Apart from the responsibilities and liabilities, if any, which
may be imposed upon Jefferies by the Financial Services and Markets
Act 2000 (as amended) or the regulatory regime established
thereunder, or under the regulatory regime of any jurisdiction
where the exclusion of liability under the relevant regulatory
regime would be illegal, void or unenforceable, Jefferies accepts
no responsibility whatsoever or makes any representation or
warranty, express or implied, concerning the contents of this
announcement, including its accuracy, completeness or verification,
or concerning any other statement made or purported to be made by
Jefferies or on its behalf, in connection with the Company or the
Proposed Acquisition, and nothing in this announcement is, or shall
be relied upon as a promise or representation in this respect,
whether as to the past or future. Jefferies accordingly disclaims,
to the fullest extent permitted by law, all and any responsibility
and liability whether arising in tort, contract or otherwise (save
as referred to herein) which it might otherwise have in respect of
this announcement or any such statement.
This announcement may include statements that are, or may be
deemed to be, "forward-looking statements". These forward-looking
statements may be identified by the use of forward-looking
terminology, including the terms "believes", "estimates", "plans",
"projects", "anticipates", "expects", "intends", "may", "will" or
"should" or, in each case, their negative or other variations or
comparable terminology, or by discussions of strategy, plans,
objectives, goals, future events or intentions. Forward-looking
statements may and often do differ materially from actual results.

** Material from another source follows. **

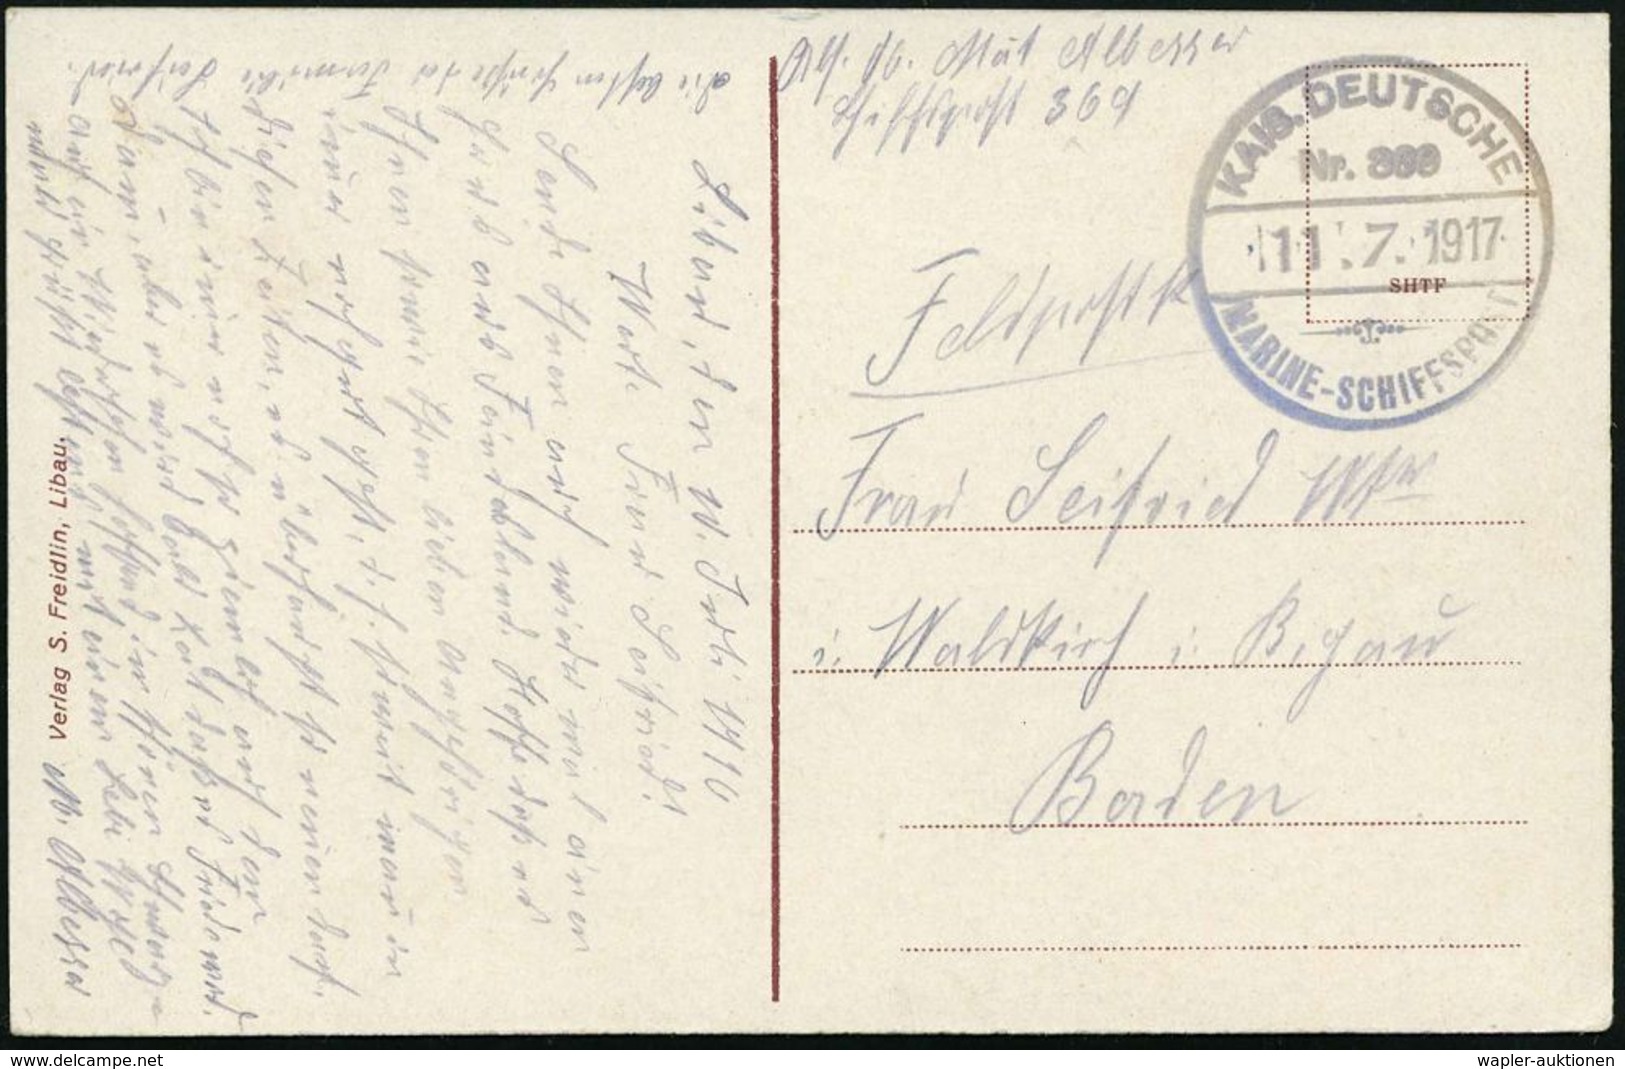 DEUTSCHES REICH 1917 (11.7.) Provis. Gummi-1K-Brücken-Briefstempel.: KAIS. DEUTSCHE/Nr. 369/MARINE-SCHIFFSPOST = Torpedo - Maritime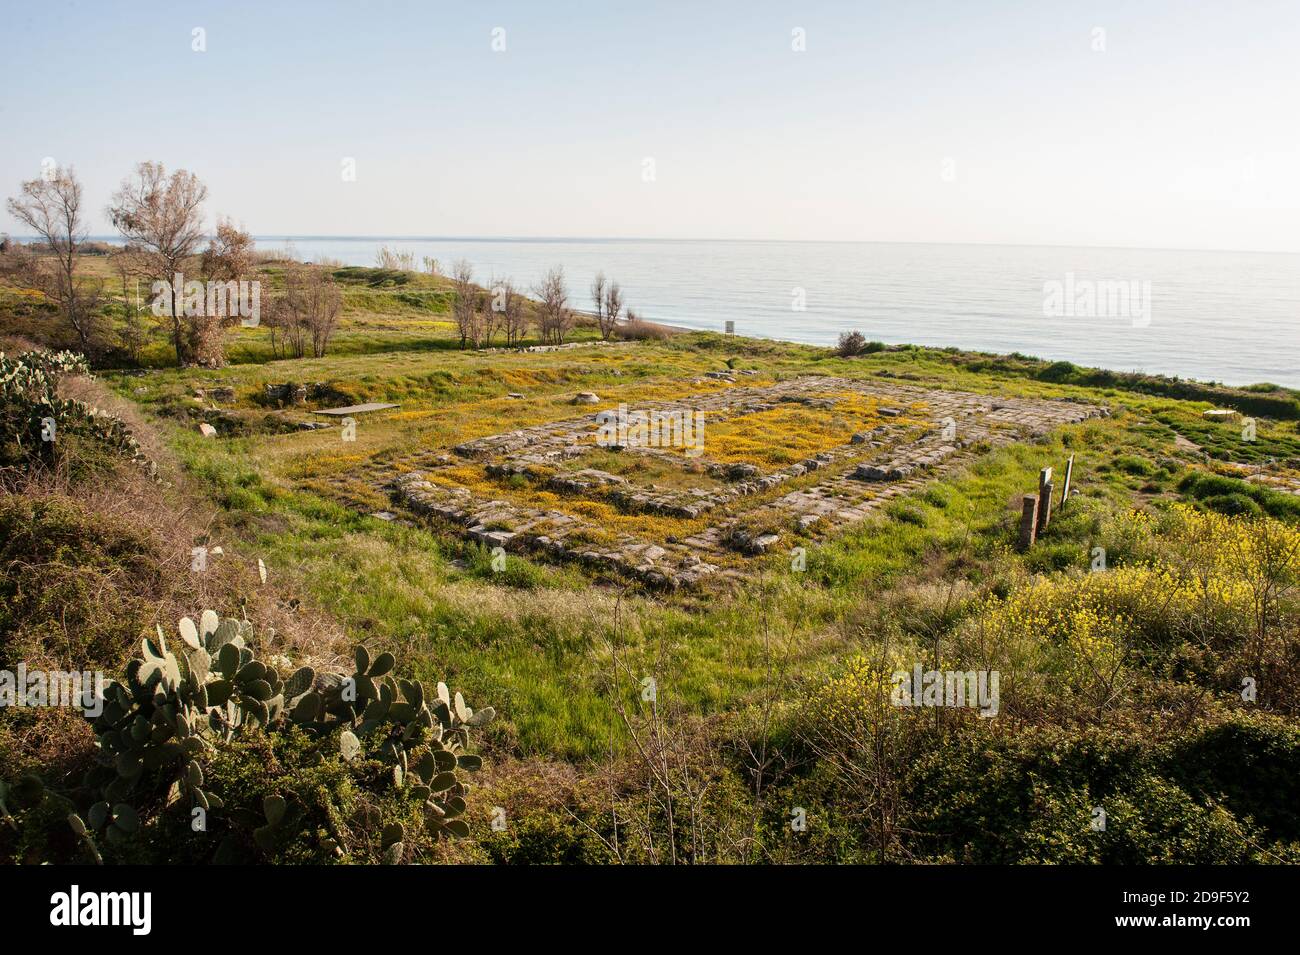 Italia Calabria Monasterace - resti archeologici dell'antica Kaulon Foto Stock

Any forward-looking statements reflect the Company's current view
with respect to future events and are subject to risks relating to
future events and other risks, uncertainties and assumptions
relating to the Group's business, results of operations, financial
position, liquidity, prospects, growth, strategies, integration of
the business organisations and achievement of anticipated
combination benefits in a timely manner. Forward-looking statements
speak only as of the date they are made.
Such forward-looking statements are based on beliefs,
expectations and assumptions of the Board regarding Eurowag's
present and future business strategies, the timetable for
integration of Inelo, the benefits to be derived from the Proposed
Acquisition and the environment in which Eurowag, Ineloand/or,
following Completion, the Enlarged Group will operate in the
future. Although the Board believe that these beliefs and
assumptions are reasonable, by their nature, forward-looking
statements involve risks and uncertainties because they relate to
events and depend on circumstances that may or may not occur in the
future or are beyond the Group's control. Eurowag, Inelo and/or,
following Completion, the Enlarged Group's actual operating
results, financial condition, dividend policy and the development
of the industry in which they operate, as well as the benefits and
combination benefits actually received, may differ materially from
the impression created by the forward-looking statements contained
in this announcement. In addition, even if the operating results,
financial condition and dividend policy of Eurowag, Ineloand/or,
following Completion, the Enlarged Group, and the development of
the industry in which they operate, are consistent with the
forward-looking statements contained in this announcement, those
results or developments may not be indicative of results or
developments in subsequent periods.
You are advised to read this announcement and any circular (if
and when published) in their entirety for a further discussion of
the factors that could affect Eurowag and/or the Enlarged Group's
future performance. In light of these risks, uncertainties and
assumptions, the events described in the forward-looking statements
in this announcement may not occur.
This announcement does not constitute, and should not be
construed as, an offer to purchase or sell or issue securities, or
otherwise constitute an inducement, invitation, commitment,
solicitation or recommendation to any person to purchase, subscribe
for, or otherwise acquire securities in Eurowag or any of its
affiliates, or constitute an inducement to enter into any
investment activity in any jurisdiction. Nothing contained in this
announcement is intended to, nor shall it, form the basis of, or be
relied on in connection with, any contract or commitment whatsoever
and, in particular, must not be used in making any investment
decision.
Certain data in this announcement, including financial
information, has been rounded. As a result of the rounding, the
totals of data presented in this announcement may vary slightly
from the actual arithmetic totals of such data.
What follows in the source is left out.